BioByte 094: industry consortium for benchmarking, evaluating protein competitions, multimodal atlas for Alzheimer's, automated organelle tracking, promise of a new HAE treatment
Welcome to Decoding Bio’s BioByte: each week our writing collective highlight notable news—from the latest scientific papers to the latest funding rounds—and everything in between. All in one place.
What we read
Blogs
A call for an industry-led initiative to critically assess machine learning for real-world drug discovery [Nature Machine Intelligence, Oct 2024]
Benchmarking in drug discovery is severely lacking. A new cross-industry initiative called Polaris is focused on bridging the gap between perceived progress and real-world impact in machine learning for drug discovery, particularly in small-molecule predictive modeling. Unlike other fields with abundant fit-for-purpose datasets, drug discovery's data is heterogeneous, noisy, and expensive to generate, making reliable ML benchmarking crucial but challenging.
Polaris brings together industry experts to address these unique challenges through cross-industry collaboration. The first steering committee—made up of members from various pharma and drug discovery companies like Merck, Relay Tx, and Valence Labs, has highlighted the need for robust benchmarking practices to evaluate ML methods in real-world contexts.
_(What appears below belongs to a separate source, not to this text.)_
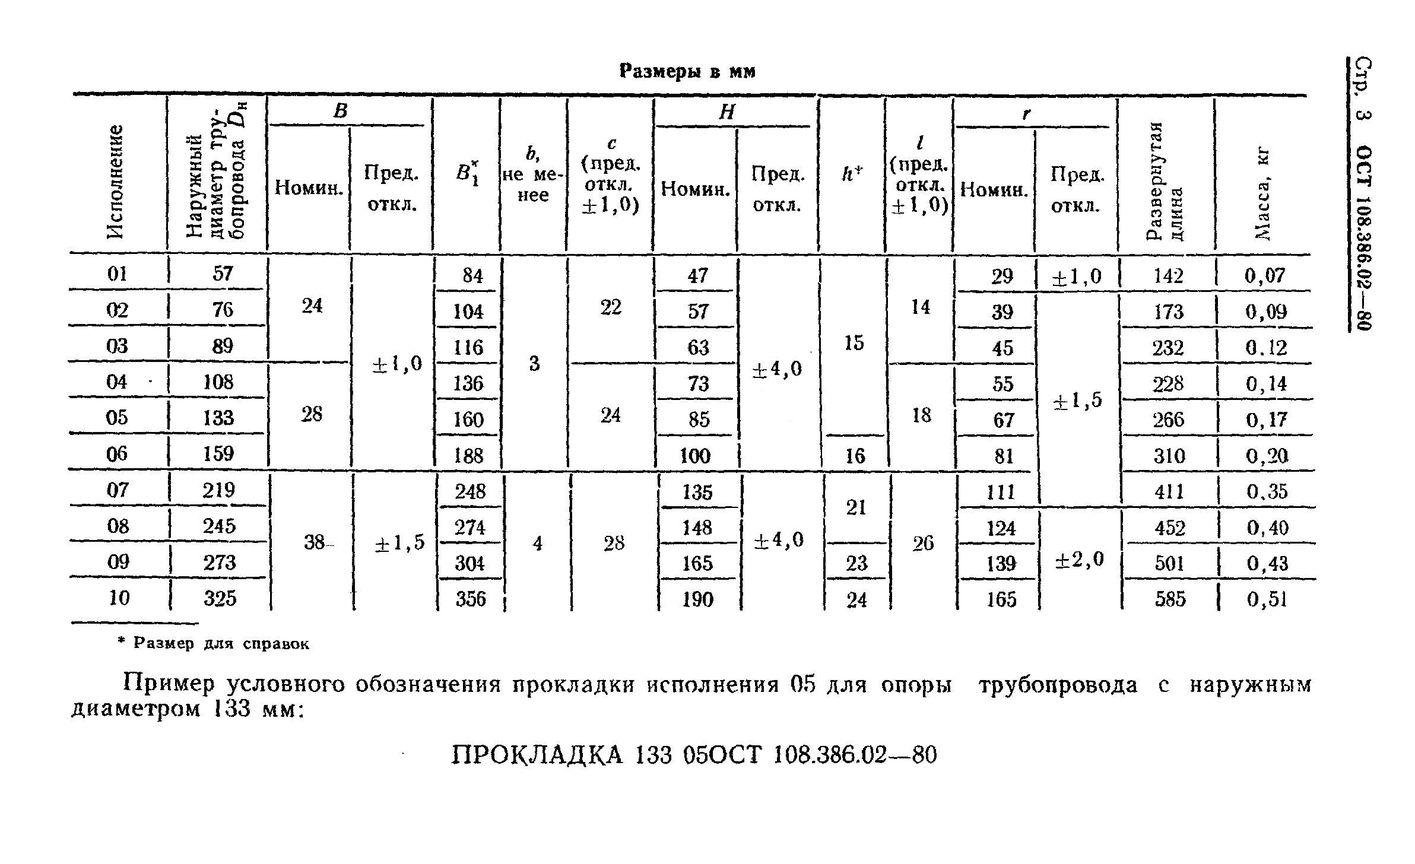 Прокладки ОСТ 108.386.02-80 стр.3

Their collective effort will develop domain-appropriate datasets, guidelines, and open-source tools to standardize method evaluation and comparison, ensuring reproducibility and progress in drug discovery.
The initiative prioritizes three pillars:
Curating benchmark datasets representative of common drug discovery tasks.
Establishing best practices for data curation, method evaluation, and statistical comparison.
Creating open-source tools to simplify adopting these practices.
By fostering interdisciplinary collaboration and real-world benchmarking, Polaris aims to accelerate impactful ML research and advance drug discovery. Be on the lookout for their first preprint comparing methods and best practices.
AI has dreamt up a blizzard of new proteins. Do any of them actually work? [Ewen Callaway, Nature, October 2024]
With the recent the recent Nobel Prize in Chemistry awarded to David Baker, Demis Hassabis and John Jumper for their work on protein design (David Baker) and structure prediction (Hassabis and Jumper), it is difficult to deny that computational protein design is going to shape the future of protein-based research. Since it is such a new field, organizations across the globe—like Liberum Bio, Rosetta Commons, and Adaptyv Bio—have begun hosting competitions that encourage competitors to further develop design tools. The challenges range from redesigning an existing enzyme used in protein purification to building a new protein that can be used in T-cell cancer therapy.
These competitive events are largely inspired by the Critical Assessment of Structure Prediction (CASP), which has been around since 1994 and which ultimately facilitated the creation of AlphaFold and AlphaFold2. The historic success of such structural prediction competitions has caused many to look favorably upon their implementation for novel protein design, as they have the propensity to serve as significant instigators for acceleration within the field. Proponents also tout the accessibility of the competitions as a way to involve even those without formal biology training or access to computational clusters. There is hope that the competitions will also help develop and strengthen the community.
Nonetheless, these contests are not without their deficiencies. Too many novel protein designs can lead to confusion over the validity of such a myriad of diverse approaches, as the verification process in the lab is far slower. Given the multitude of protein applications, there are also concerns that the approaches used to design one protein will not be translatable to another. Furthermore, the benefit to the field largely hinges on participants sharing their methods to facilitate communal learning. This latter conundrum has fortunately thus far not proven to be a significant issue, however, as most competitions require or heavily encourage participants to describe their approach as part of their entry.
Although it is early, these competitions appear to be here to stay, with Adaptyv Bio having recently launched a second competition that builds on the first. With more accessible, powerful computational tools that lower barriers to entry–such as later versions of AlphaFold and EvolutionaryScale–these contests will continue to attract the brightest minds to the space. Still, even as the competitors produce countless proteins to tackle some of the world's most daunting biological problems, only time and rigorous testing will tell if these designs hold out as hits in the lab.
Machines of Loving Grace [Dario Amodei, Oct 2024]
Dario Amodei, cofounder of Anthropic, put out a new essay presenting an optimistic look at how AI could dramatically improve many areas of human life. While he acknowledges the risks, the focus is on the positive changes AI could bring is a refreshing take. He highlights five main areas where AI could have the biggest impact with two of the five notably being rooted in biotech and health:
Health and Biology: AI could revolutionize medical research and treatment, speeding up the discovery of cures for diseases, creating personalized treatments, and extending human life. Amodei believes AI could accomplish 50 to 100 years' worth of medical advancements in just 5 to 10 years, tackling major health challenges like cancer, Alzheimer's, and genetic conditions. He specifically thinks AI will double the human lifespan and drive personalized treatments.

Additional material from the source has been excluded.